What is required: In this exercise, return the whole listing exactly, excluding any images.

Supplied data:
[Start of Attachment]
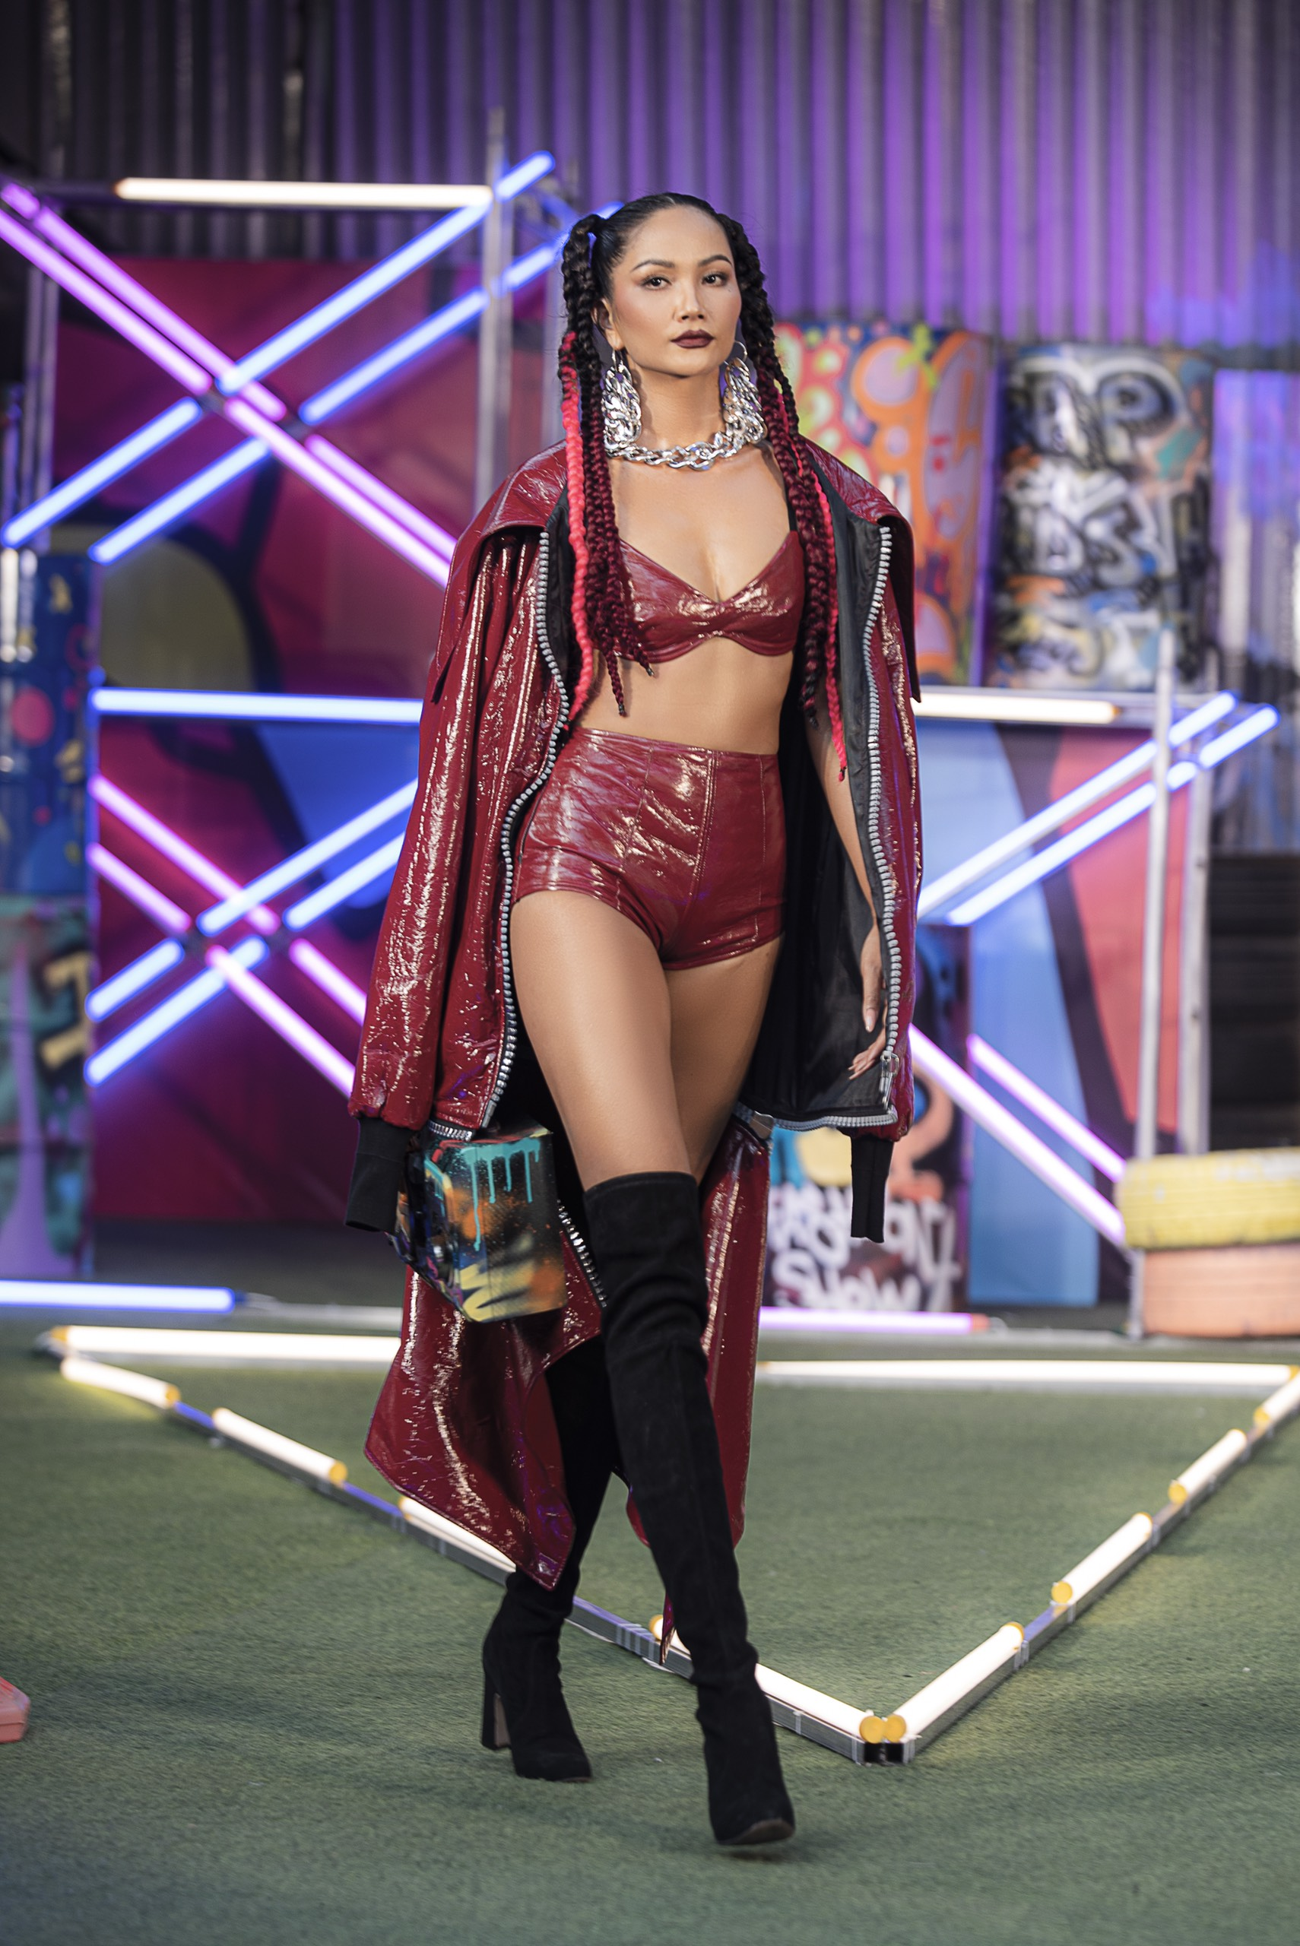 H'Hen Niê tái xuất với phong cách đường phố, mặc áo crop-top khoe hình thể nóng bỏng ảnh 6
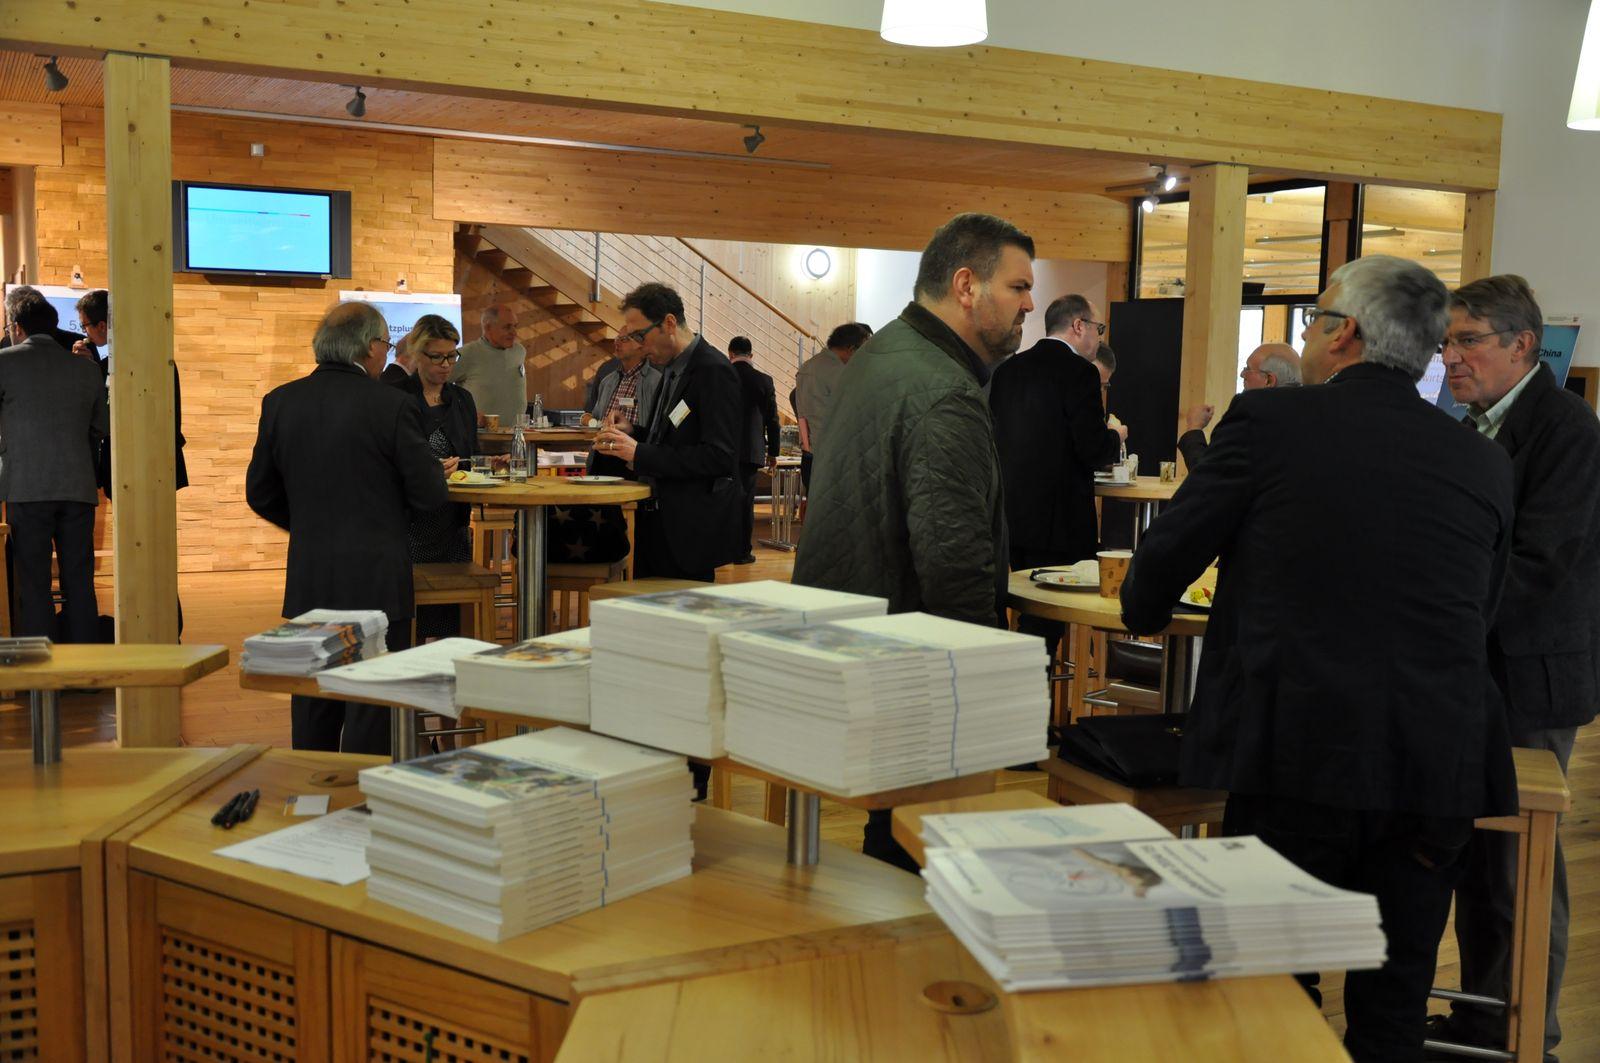 Die Gäste diskutieren in Gruppen beim Wirtschaftsforum in Olsberg.
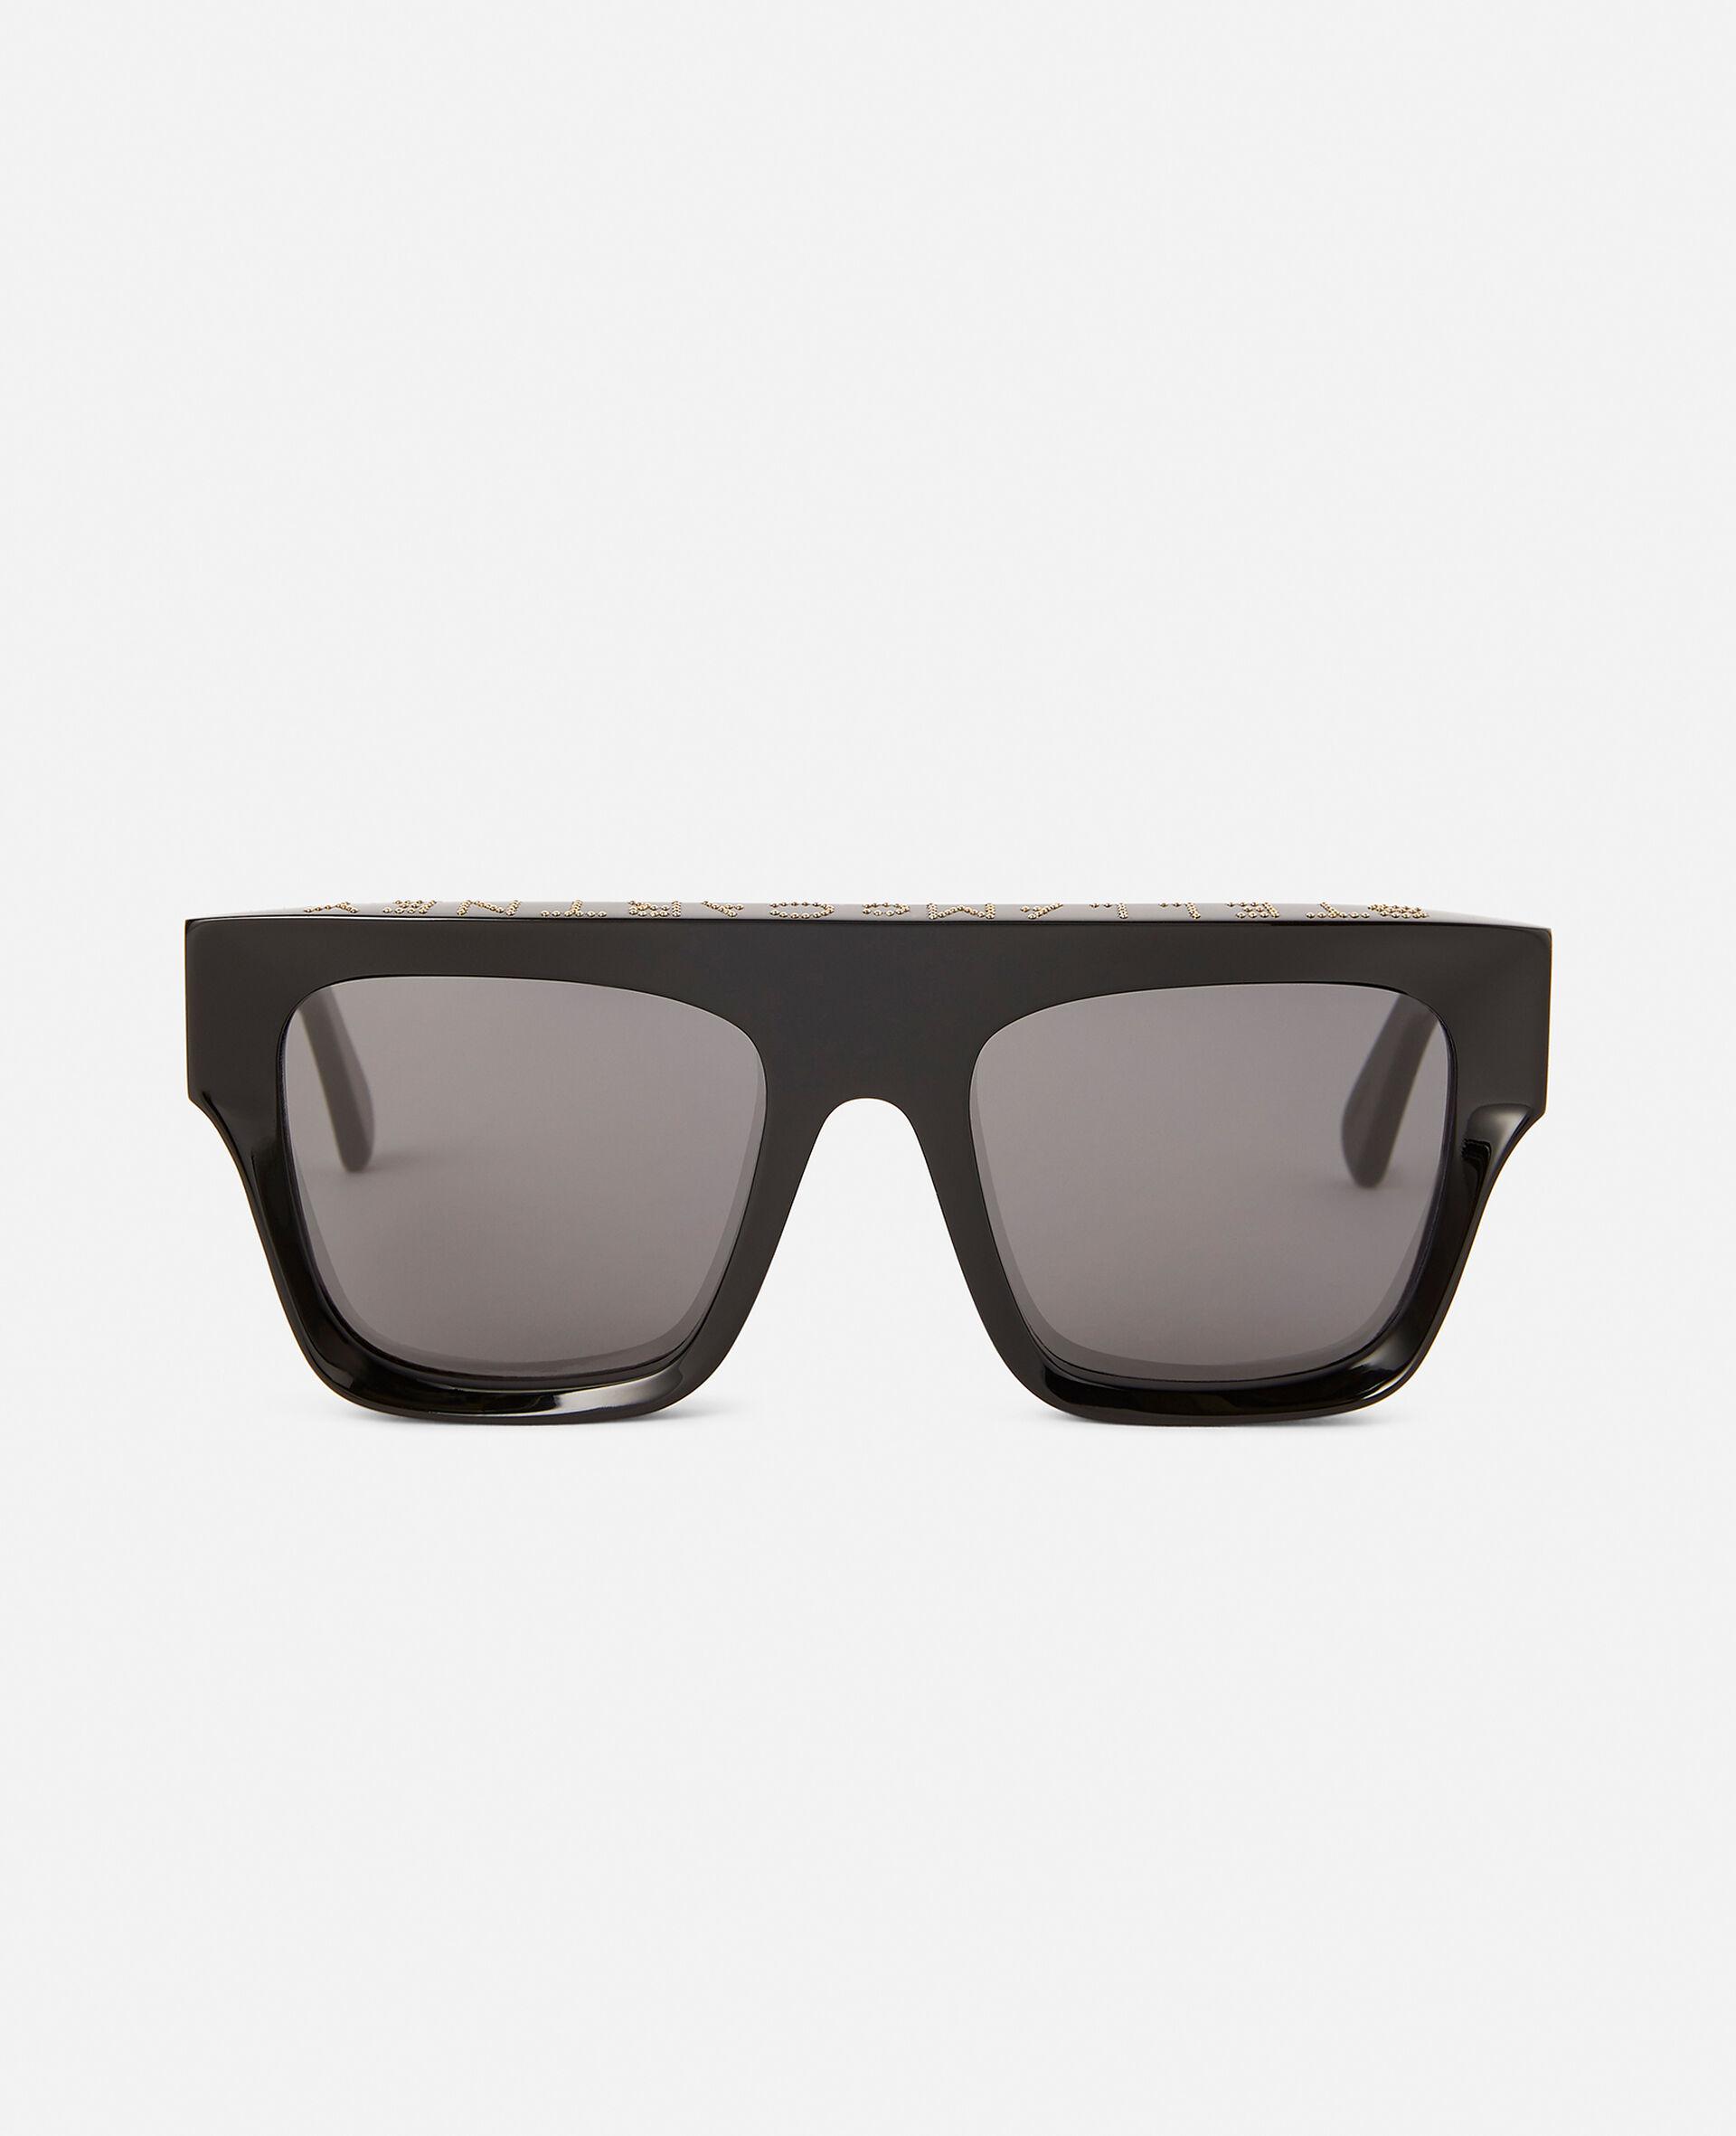 Shiny Black Square Sunglasses-Black-large image number 2
[End of Attachment]
Result:
 H'Hen Niê tái xuất với phong cách đường phố, mặc áo crop-top khoe hình thể nóng bỏng ảnh 6
 Die Gäste diskutieren in Gruppen beim Wirtschaftsforum in Olsberg.
 Shiny Black Square Sunglasses-Black-large image number 2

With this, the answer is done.